“If you want something done right, you oughta do it yourself.”
What he doesn’t mention is the Scarface-sized mountain of cocaine that led to this decision. God love him, Stephen does his best. Creates an… interesting film. Get ready to laugh, get kind of weirded out, and then laugh some more. Basically a less dreadful version of Terminator. The machines may come to life, but they only kill you if you’re an imbecile. Crank up the AC/DC, and enjoy the ride.
Well, the title isn’t lying. There is a thing, and it does some things. Great special effects. Great acting by all involved. The very sense of paranoia we’re all trying to escape nowadays, for two hours put to film. Insanity. Also, the most moist film this side of “Society.” When in doubt, kill it with fire!
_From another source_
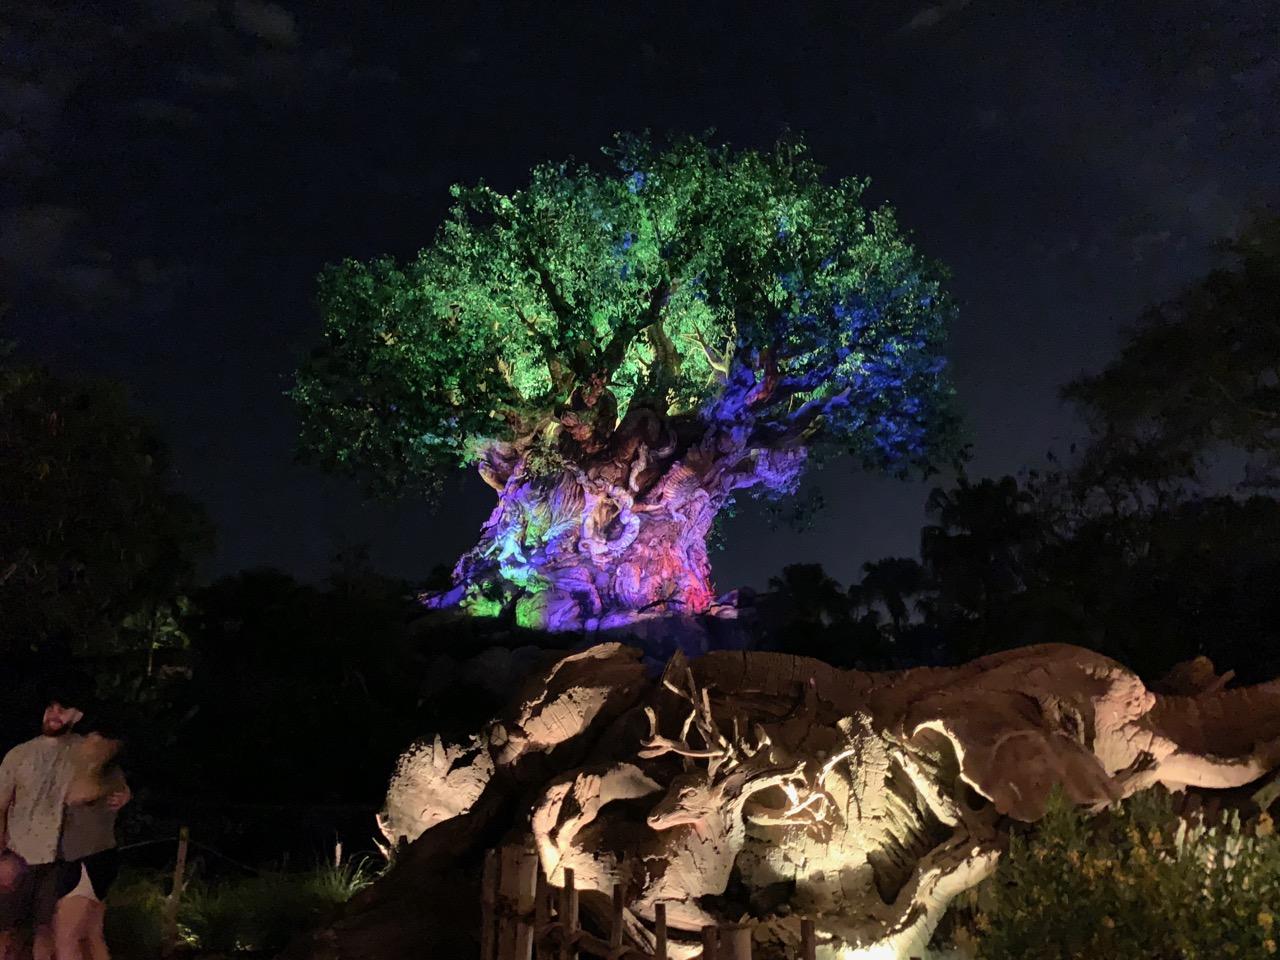 disney world animal kingdom after hours 40 tree of life.jpeg

When it’s a foggy morning and I say to myself “this is the beginning of a horror movie, for sure,” this is the movie I’ve been unknowingly referencing.
A cross between the Gorton’s fisherman and Boris Karloff’s mummy, there’s something in the fog. It’s a wonder people still travel to new England seaside towns after this and JAWS. The fog took on a very similar sense of menace as the infamous shark, terrorizing the residents.
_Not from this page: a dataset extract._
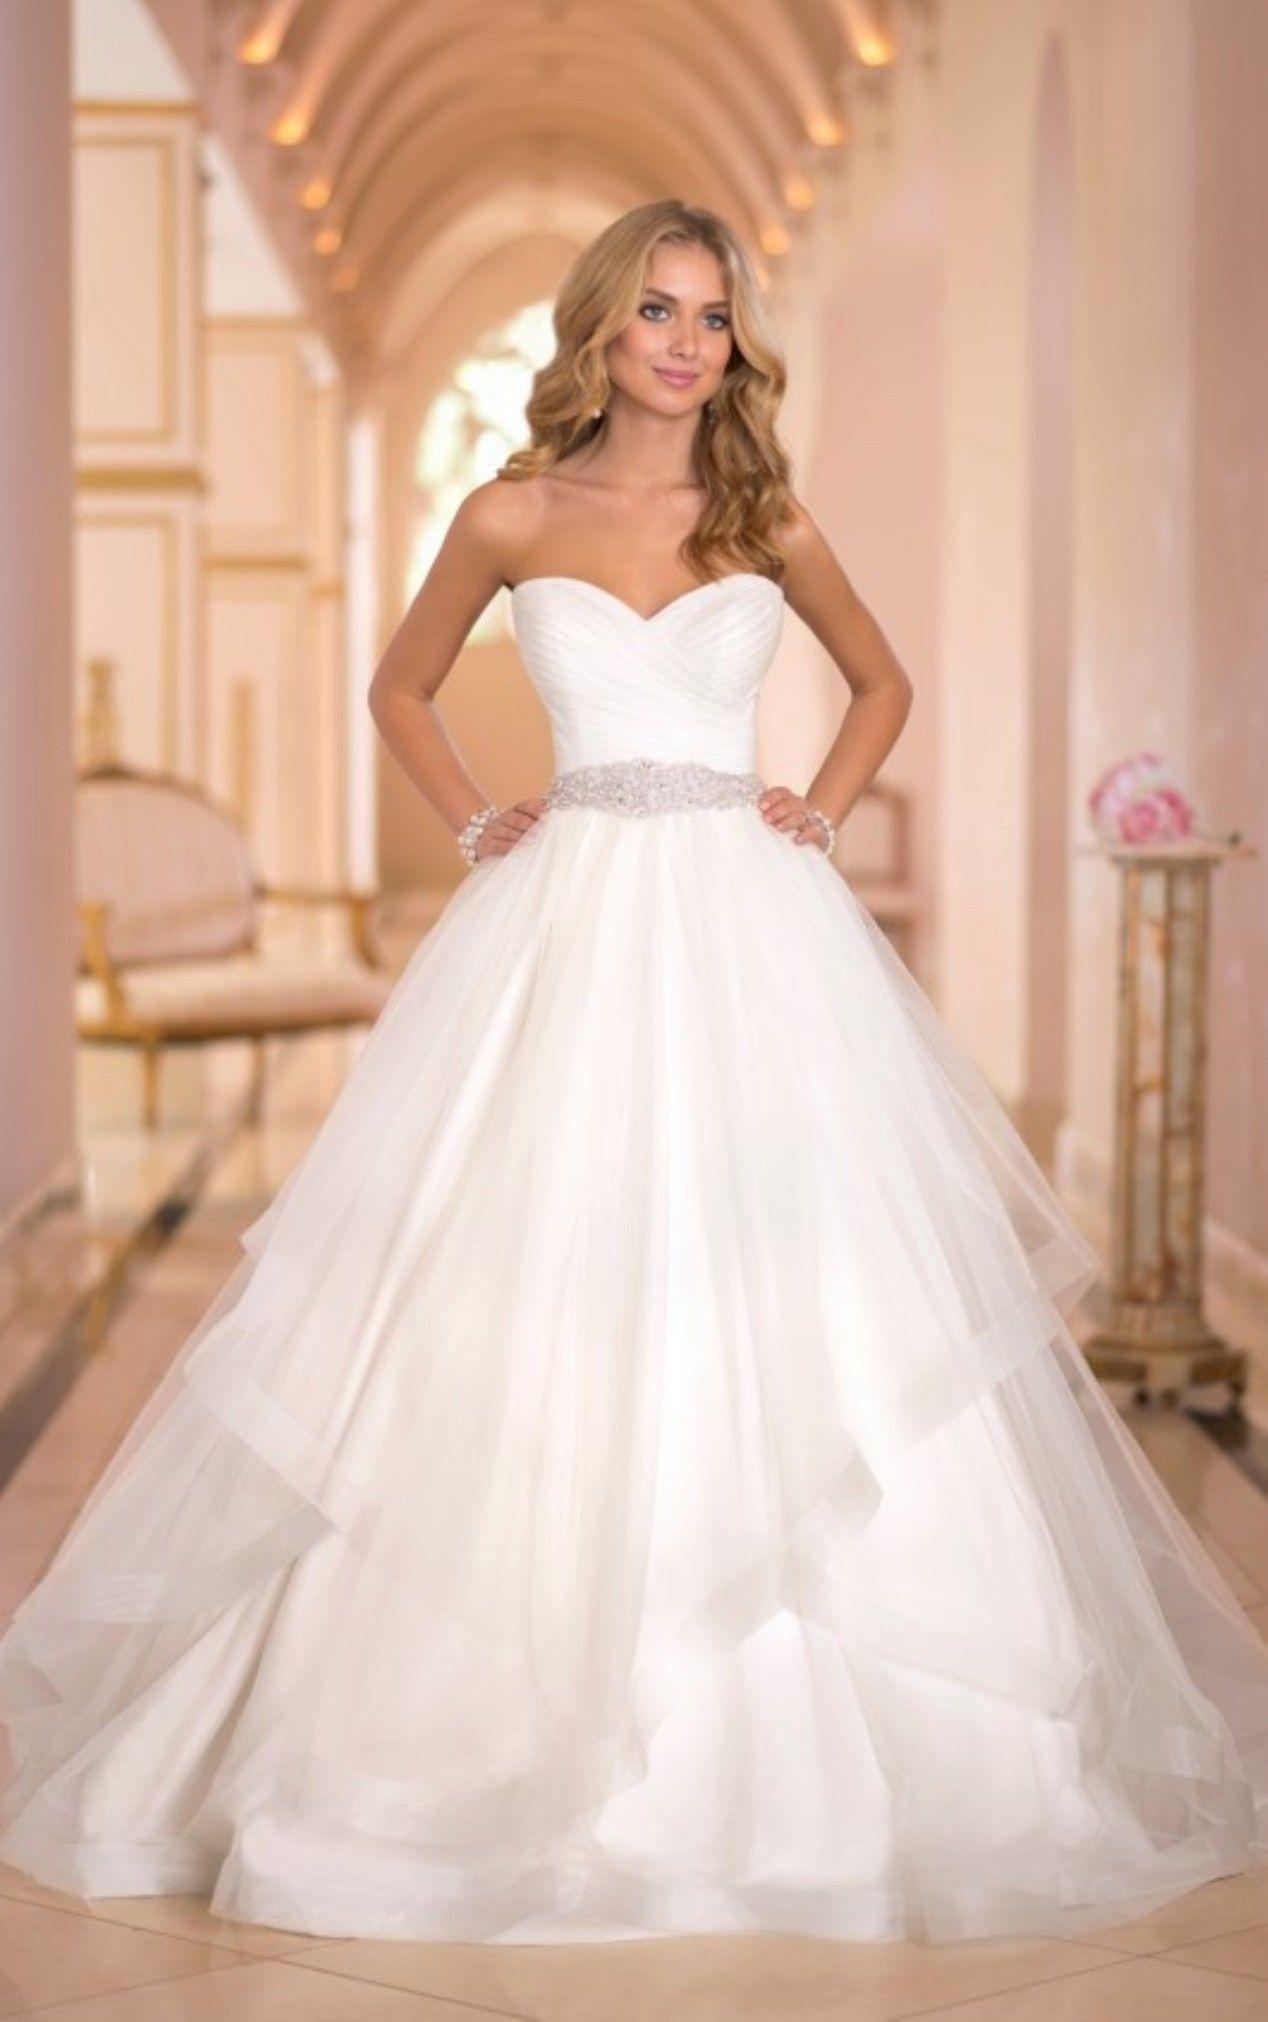 Stunning wedding dresses  Breathtaking disney princess wedding dress to fullfill your wedding

The character development was odd but worked well enough considering the genre. It appears that picking up hitchhikers led to long-term romantic relationships back in the day.
Moral of the story: beware of local politics. Whether it’s a killer clown, killer shark, or a colonial sea captain, your ancestors screwed over… No good can come of it.
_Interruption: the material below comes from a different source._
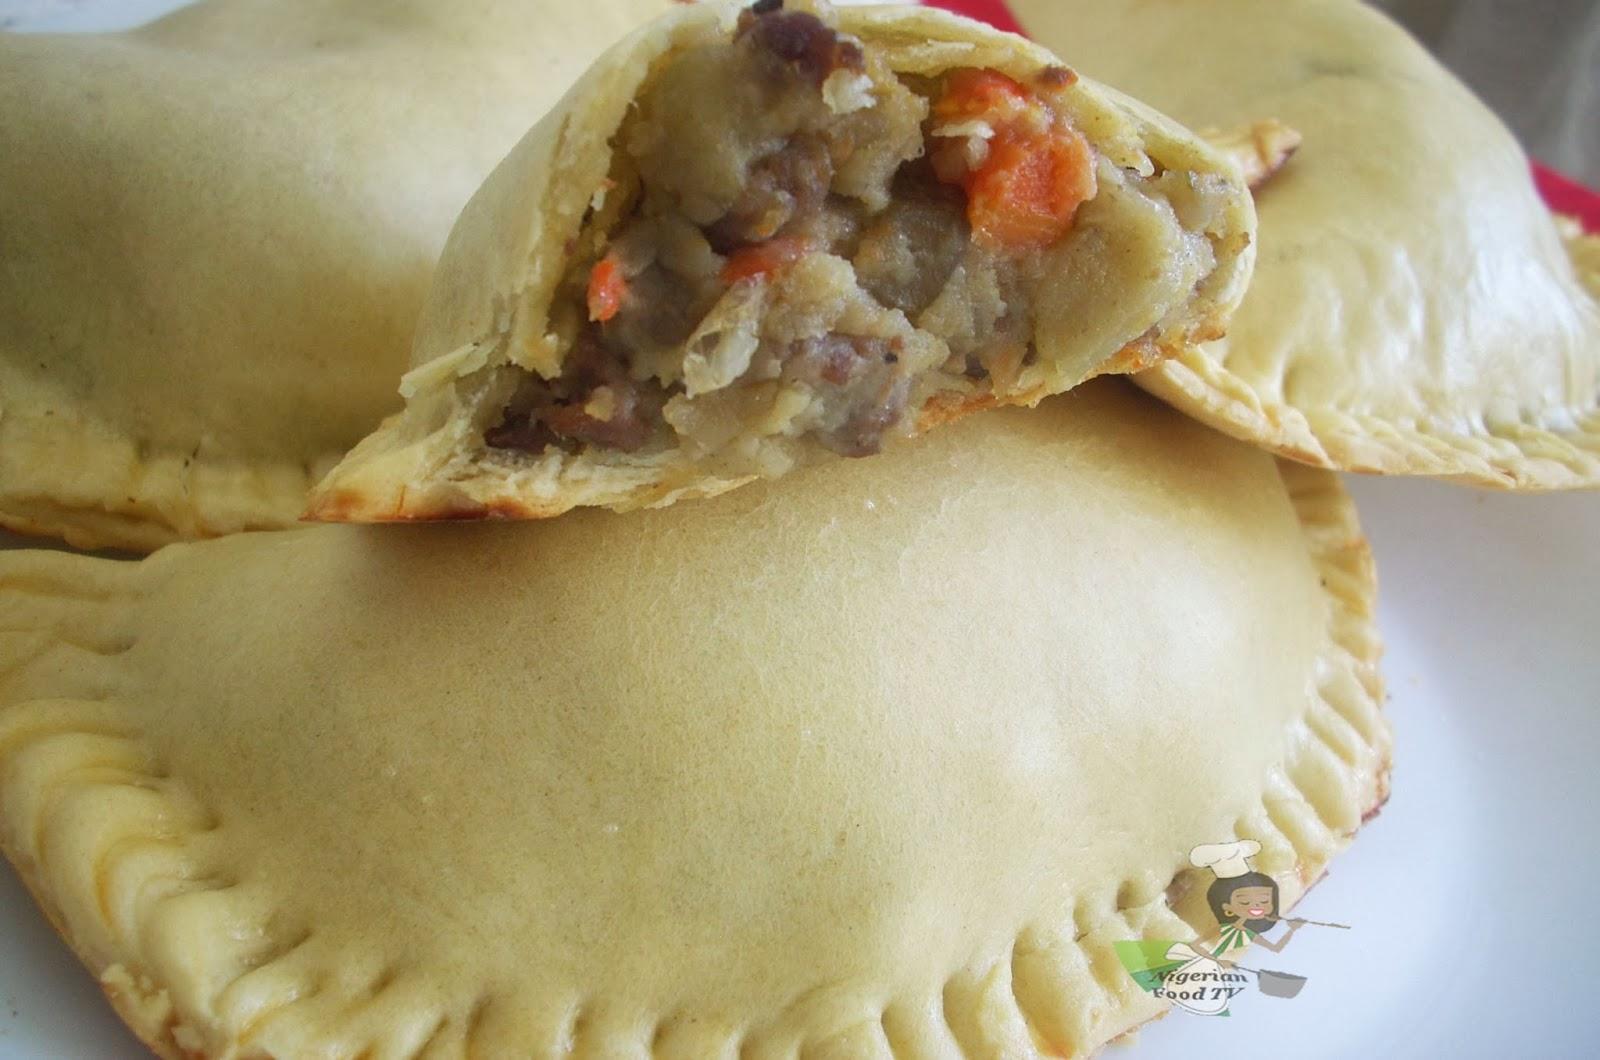 Nigerian Meat Pie recipe : How to Make Nigerian Meat Pie

With the benefit of hindsight, this makes sense and is an exciting entry in the saga. At the time, I’m sure I would have been right there with my pitchfork and torch, ready to burn the theater down saying, “what the hell what was that?”
This is a slasher film. Don’t overthink it. No need for Druids and Stonehenge and curses. Just Michael Myers, his knife, and some unsuspecting teenagers.
It’s one of those historical films you have to watch once, but will probably never revisit.